How The Trade Desk’s new sub-floor bidding tactic will affect SSPs, publishers
As of this month, The Trade Desk is no longer letting publisher- or SSP-dictated floor prices influence the bids they send out.
First reported by Insider, The Trade Desk is now sending out all bids on behalf of its clients whose campaigns match the inventory up for sale, even if their bids are below the price point at which publishers and SSPs value the inventory.
It’s a “relatively benign” change, according to The Trade Desk’s vp of inventory development, Will Doherty. This will not cause the DSP to change the way it prices its bids, he said, but will instead increase the volume of bids it sends out so publishers and SSPs know there is additional demand for that inventory that otherwise went unseen.
And yet, some concerns stand that this will put more downward pressure on publishers and SSPs to lower their CPM ceilings to reach those lower bids, creating a trickle down effect on CPMs at large. According to ad tech experts, this is likely to negatively affect SSPs’ businesses, but the jury is still out on how publishers stand to be affected by this move — whether it’s good, bad or ultimately neutral.
In the name of transparency
Publishers do not have the ability to know how many bids they’re missing out on by having a floor price above what some advertisers are willing to pay, Doherty said: “If there’s any demand below that line, you’ll just never see it. You’ll never know it exists.”
It’s part of the transparency issue that plagues the programmatic marketplace, Doherty said — a sentiment echoed by Justin Wohl, CRO of Salon, TV Tropes and Snopes.
By sending the bids that are lower than set floor prices, “we know they won’t transact but at least [publishers] understand” what some advertisers value that inventory to be, Doherty continued. “We’re not changing our bids … [but] going forward, [publishers] at least have the data to understand all the bids we never would have sent you anyway.”
Of course it’s on the SSPs to share those new bids with publishers — something Wohl said publishers need to advocate for more in the programmatic supply chain. But this also allows TTD to bypass all of the different floor prices set by SSPs for the same inventory and bid what they want.

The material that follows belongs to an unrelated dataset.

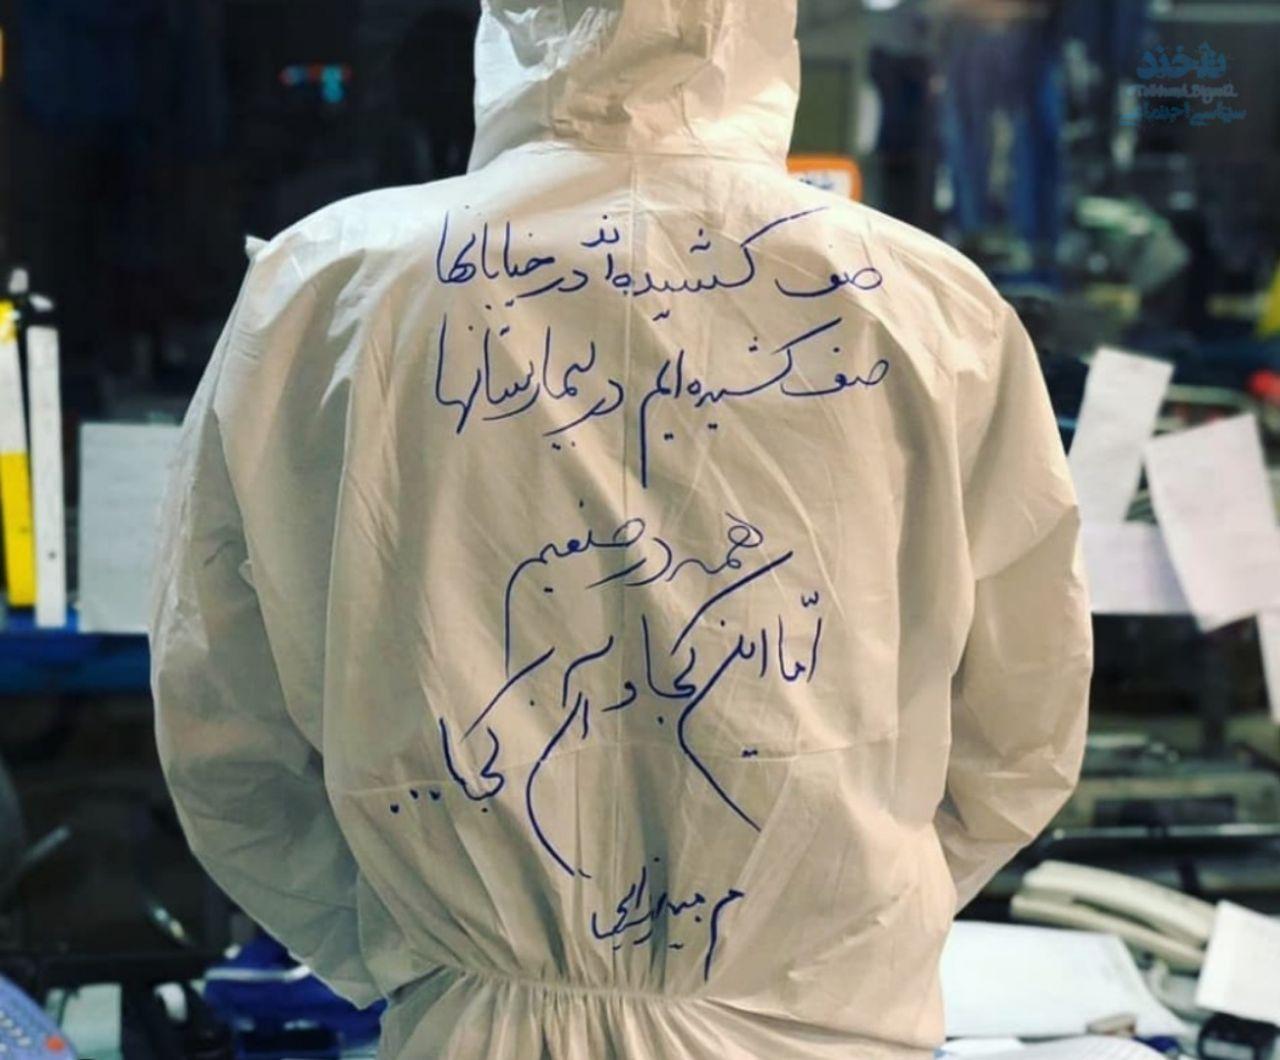 نوشته قابل تامل روی لباس قرنطینه پرستار بیمارستان مسیح دانشوری + عکس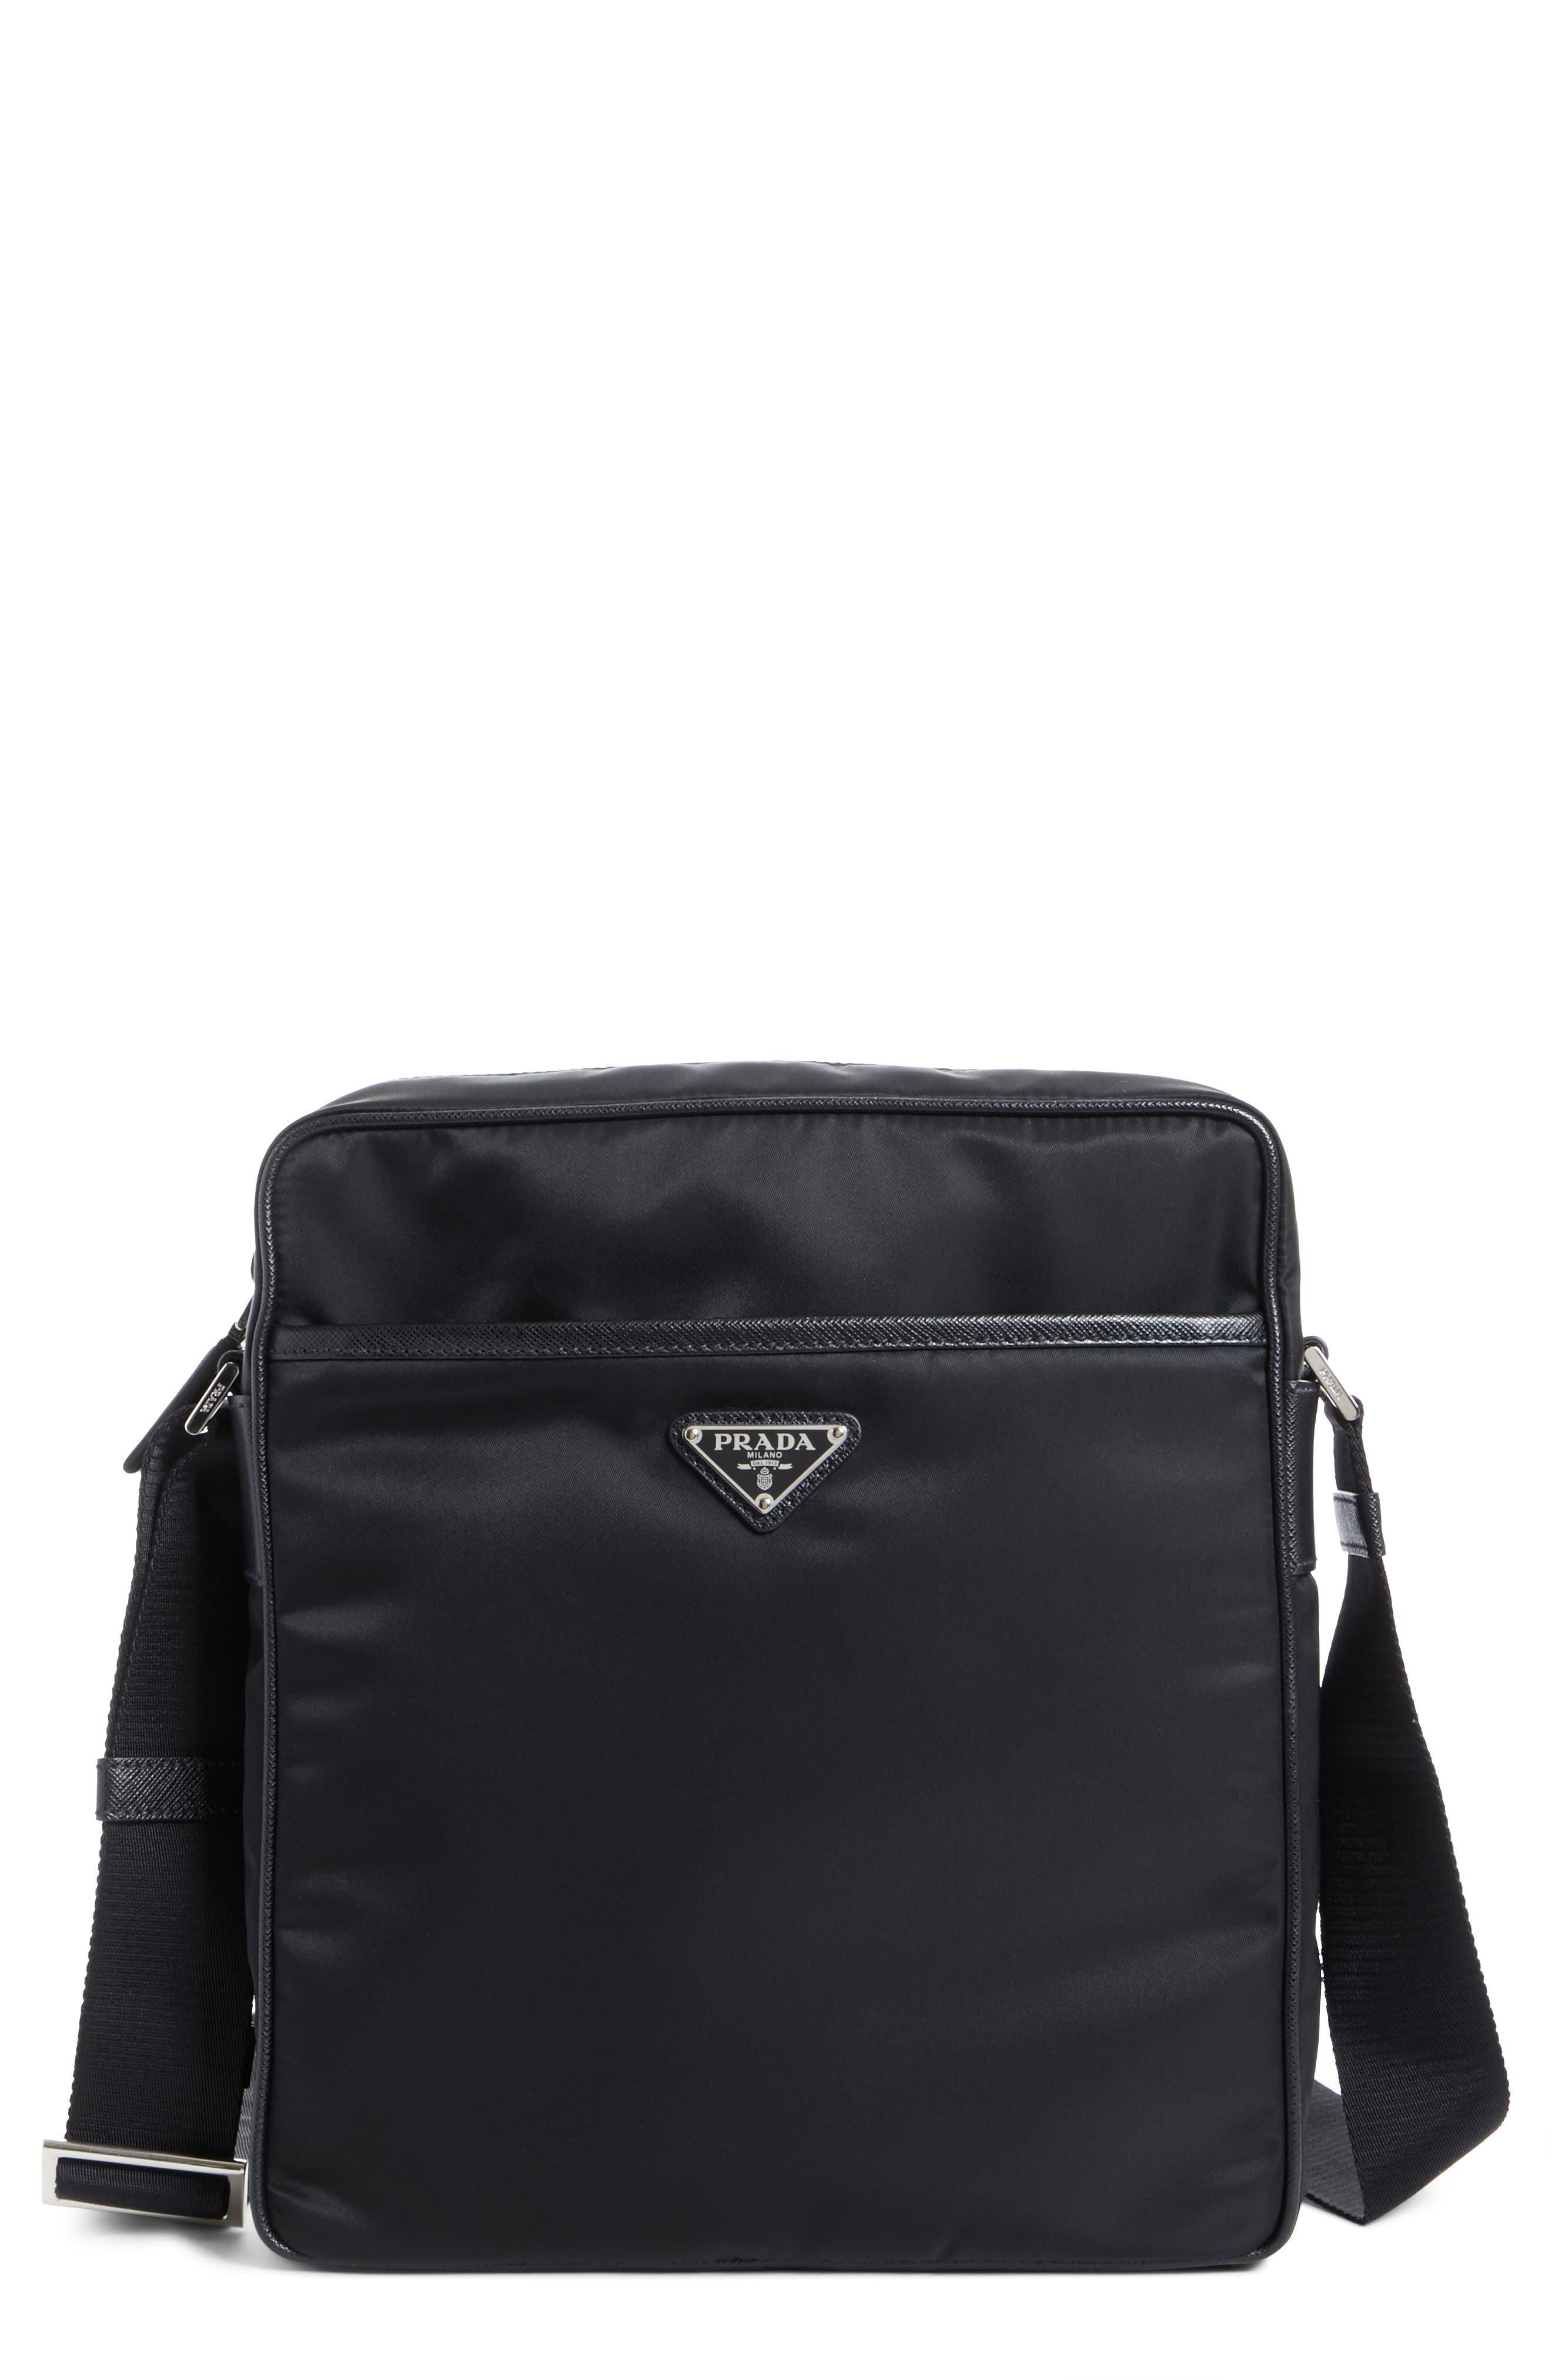 Saffiano Leather Crossbody Bag,                         Main,                         color, Nero

“The publisher in a typical setup doesn’t know how valuable an impression should be,” said Wohl. And because there is not an established feedback mechanism for publishers to understand what adjustments have happened to their inventory floor price by SSPs and resellers before the point of sale, publishers have been disadvantaged.
But by receiving more info from a DSP like the Trade Desk on what advertisers are willing to pay, publishers can gain more clarity in how they should price their inventory.
“I don’t think that the publishers get overly harmed here,” Wohl said of The Trade Desk announcement. “This is a step in the right direction for industry-wide hygiene.”
A direct hit to SSPs
Nearly all of the execs interviewed for this story agreed that SSPs and resellers are in a position to lose out on revenue from this change.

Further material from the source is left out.